Muy joven, Andrés Brugal Montané decide emigrar a América y se embarca hacia al oriente de Cuba, donde llega en 1868. Después de haberse empleado en diversas labores, decide arrendar una finca de caña de azúcar y un pequeño alambique, el cual opera con mucho éxito. Por su trabajo, tenacidad y ruda voluntad, adquiere la finca en la cual trabajaba. Bautiza dicha finca como San Felipe, quizás como una premonición de lo que sería su morada definitiva y final. Luego abre una tienda o bodega para atender las necesidades de sus obreros.

Dos hermanos de Andrés Brugal también deciden emigrar a Cuba. Fueron estos José y Salvador Brugal Montané.

Los negocios de don Andrés Brugal prosperan, y este decide traer a Cuba a su sobrino Juan Turell Brugal, quien recién se había graduado de Perito Mercantil en Barcelona. Este era hijo de su hermana Carmen Brugal Montané y Pablo Turell de Castellet. Años más tarde, en 1888, don Andrés se asocia con su sobrino y es así como nace la compañía “Andrés Brugal y Sobrino”. Hacia 1893, la firma comercial Catasús, de Santiago de Cuba, pasa por una grave situación económica. Con la finalidad de ayudar al dueño, su amigo y paisano Juan Catasús, don Andrés le compra el negocio, por lo cual la razón social se convirtió en “Brugal, Sobrino y Compañía”.

En ese momento, la firma poseía: hacienda, ferretería, destilería, bodega en grande y además un banco.

La operación comercial fue muy exitosa hasta 1897, año en el cual Cuba se encontraba en la guerra de su independencia de España. Dos de los hijos mayores de don Andrés, Antonio Lucas y Francisco Ponciano Brugal Pérez, de 20 y 18 años respectivamente, colaboradores de los sublevados, fueron obligados a salir de Cuba so pena de ser fusilados. Estos toman el primer barco que sale de Santiago de Cuba, cuyo destino era Puerto Plata. Para mayor seguridad de sus dos hijos, don Andrés Brugal los acompañó en aquel viaje.

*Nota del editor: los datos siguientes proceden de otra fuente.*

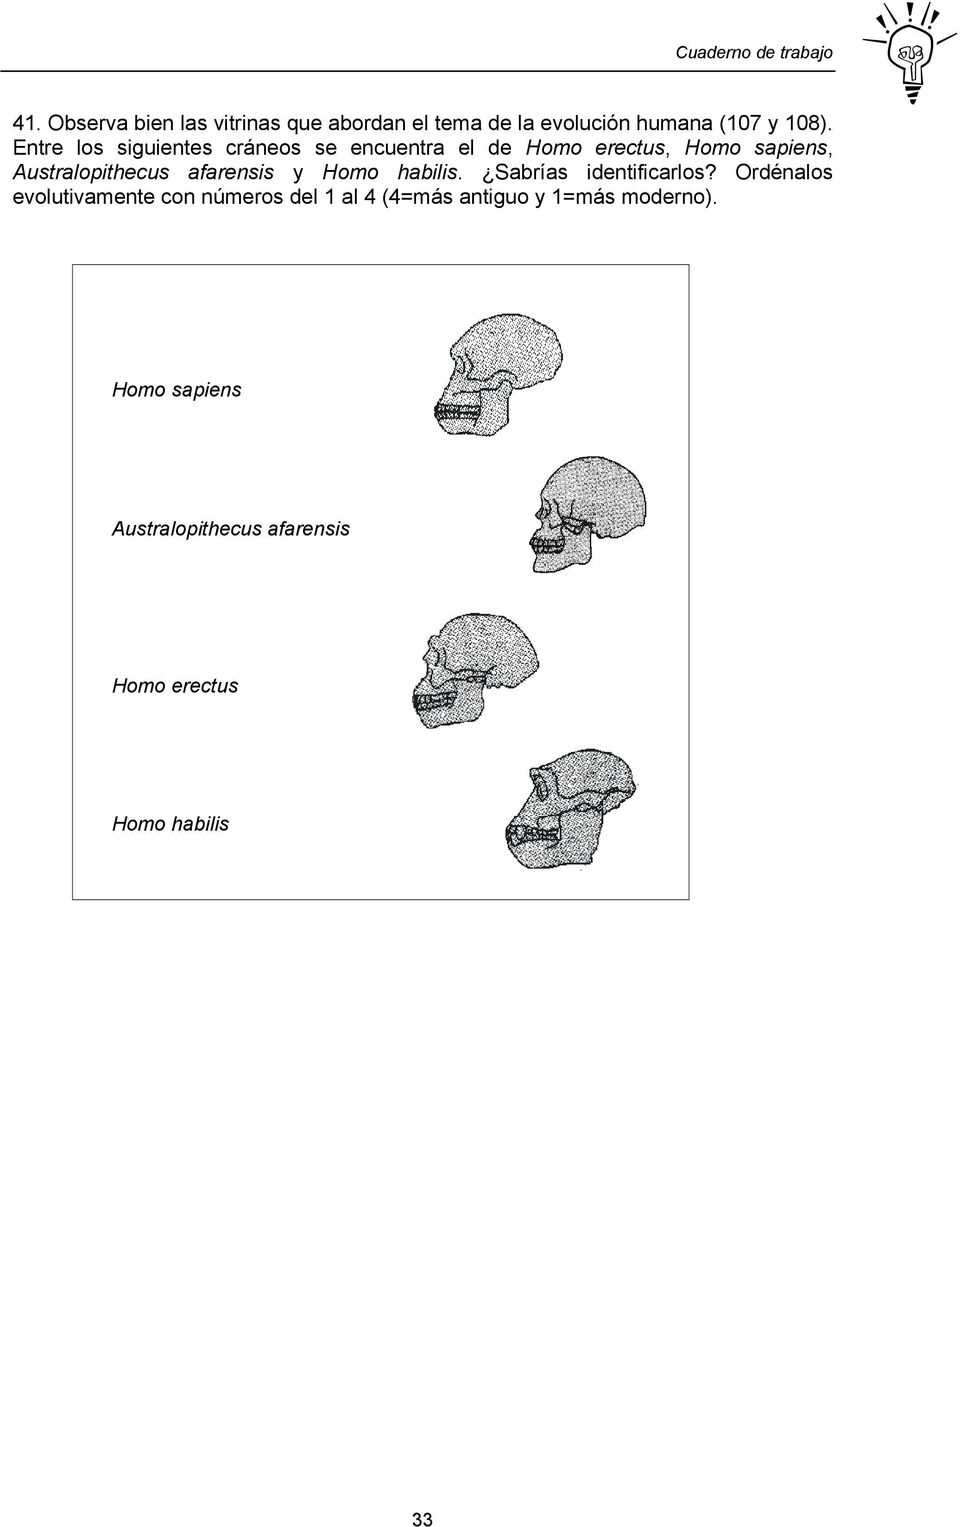 afarensis y Homo habilis. Sabrías identificarlos?

Ya en territorio dominicano, don Andrés conoció a Manuel Cocco Alum, Delegado del Gobierno de Ulises Heureaux en Puerto Plata, quien le ofreció que si mudaba todos sus negocios a República Dominicana, él conseguiría que el Gobierno lo exonerara de todos los derechos de aduana sobre las existencias que trajera de Cuba, y así fue. Con don Andrés Brugal también vino de Cuba Juan Plá Vendrell, licorista, quien también dejaría descendencia en Puerto Plata.